Print the listing in its entirety and exactly, leaving out images.

======== SOURCE MATERIAL

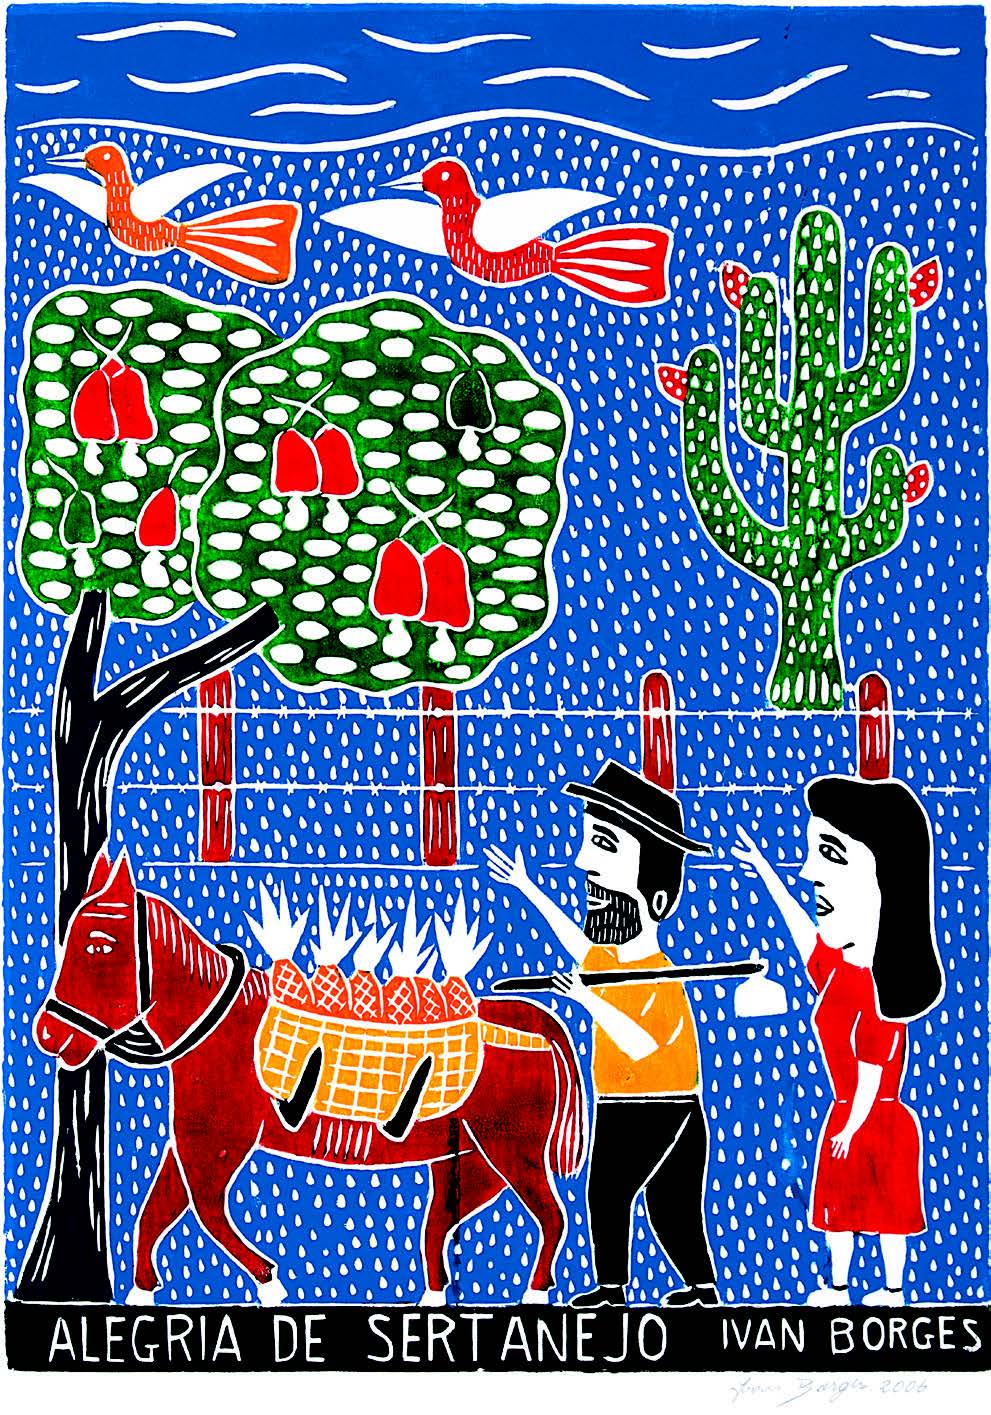 Ivan Borges, Alegria de Sertanejo (Joy of the Country Farmer), 2006. Woodcut print. Collection MOIFA, Gift of the Tesoros Trading Company (A.2013.32.6).
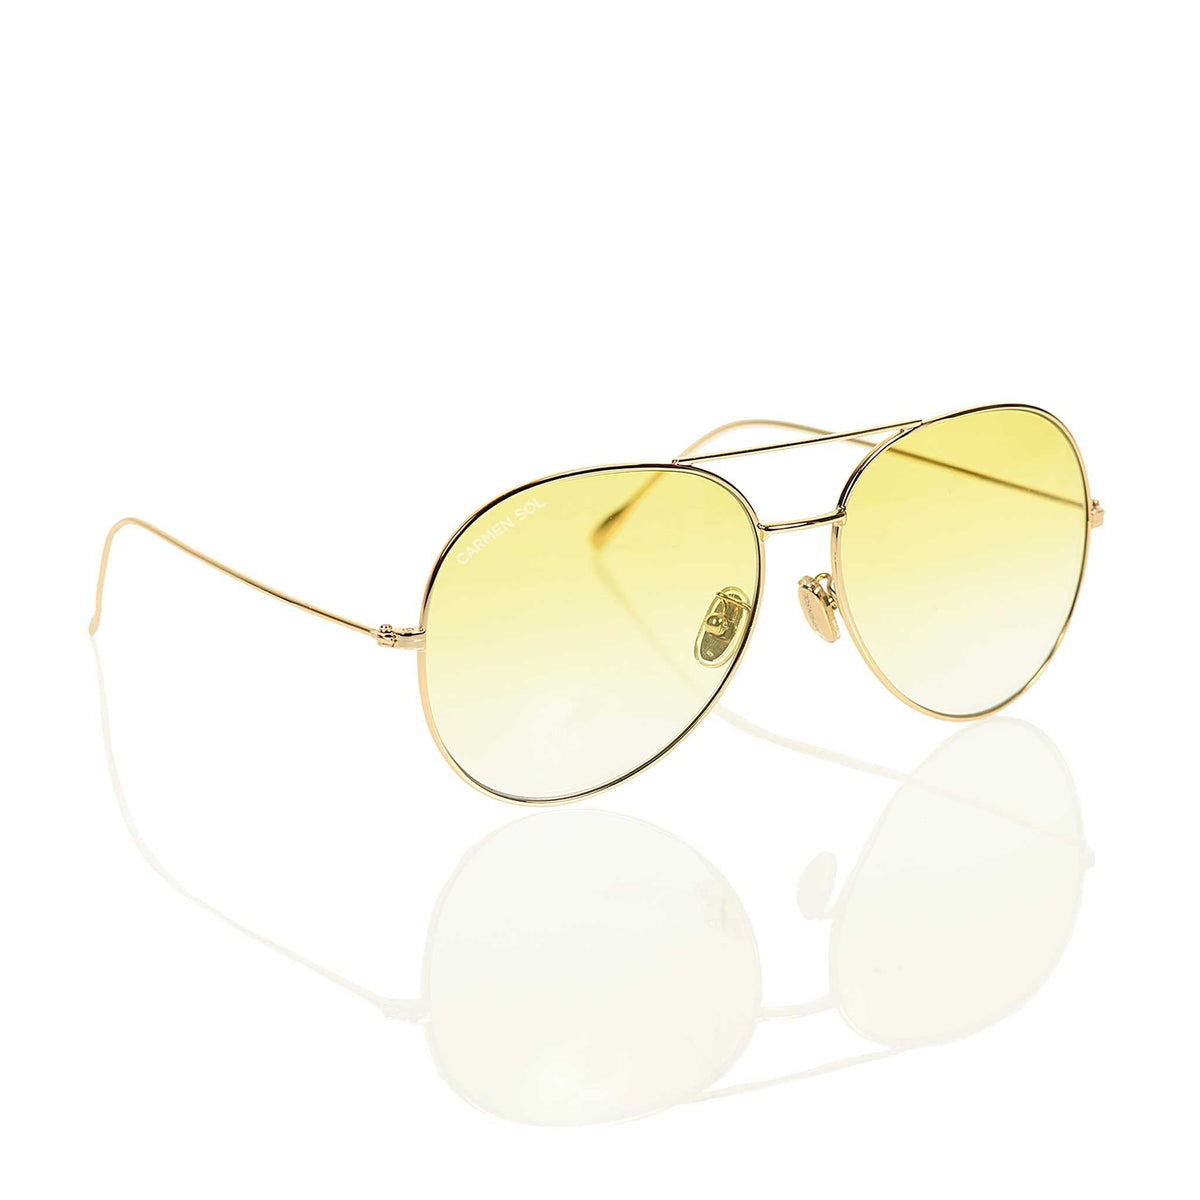 Gold aviator sunglasses for women and gradient lenses
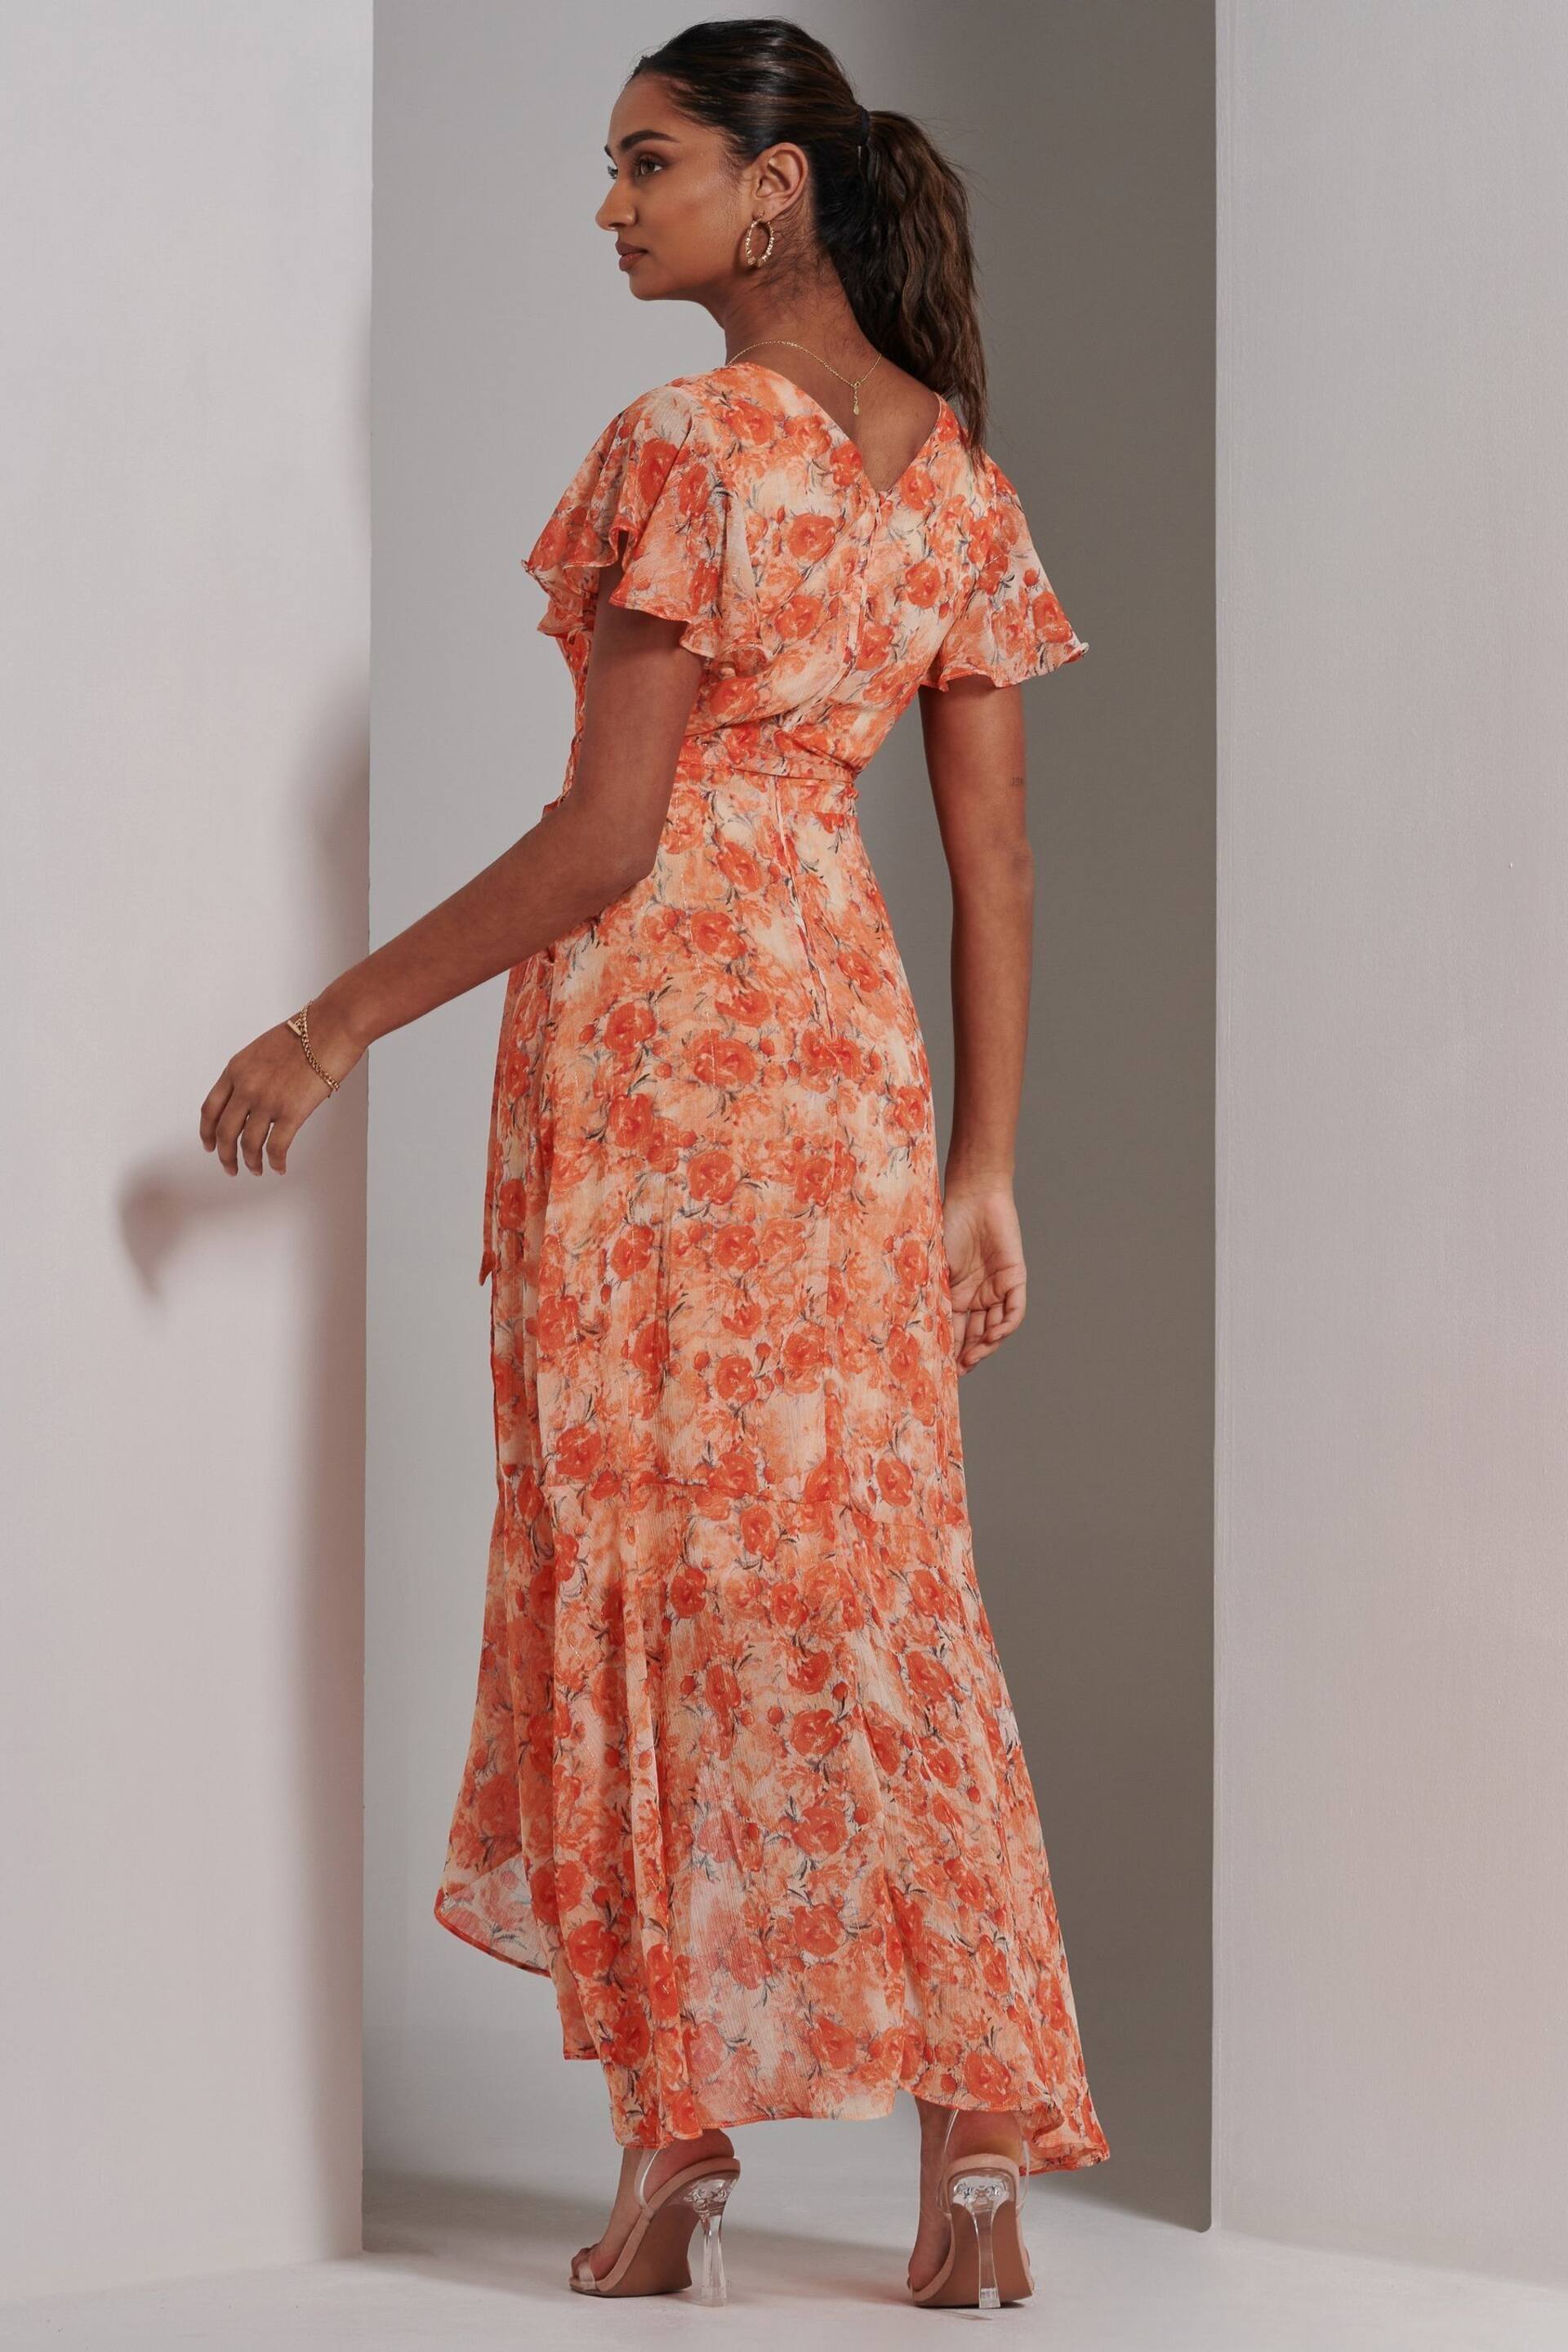 Jolie Moi Orange Haylie Frill Chiffon Maxi Dress - Image 2 of 6

================

**EXERCISE RESULT**
 Ivan Borges, Alegria de Sertanejo (Joy of the Country Farmer), 2006. Woodcut print. Collection MOIFA, Gift of the Tesoros Trading Company (A.2013.32.6).
 Gold aviator sunglasses for women and gradient lenses
 Jolie Moi Orange Haylie Frill Chiffon Maxi Dress - Image 2 of 6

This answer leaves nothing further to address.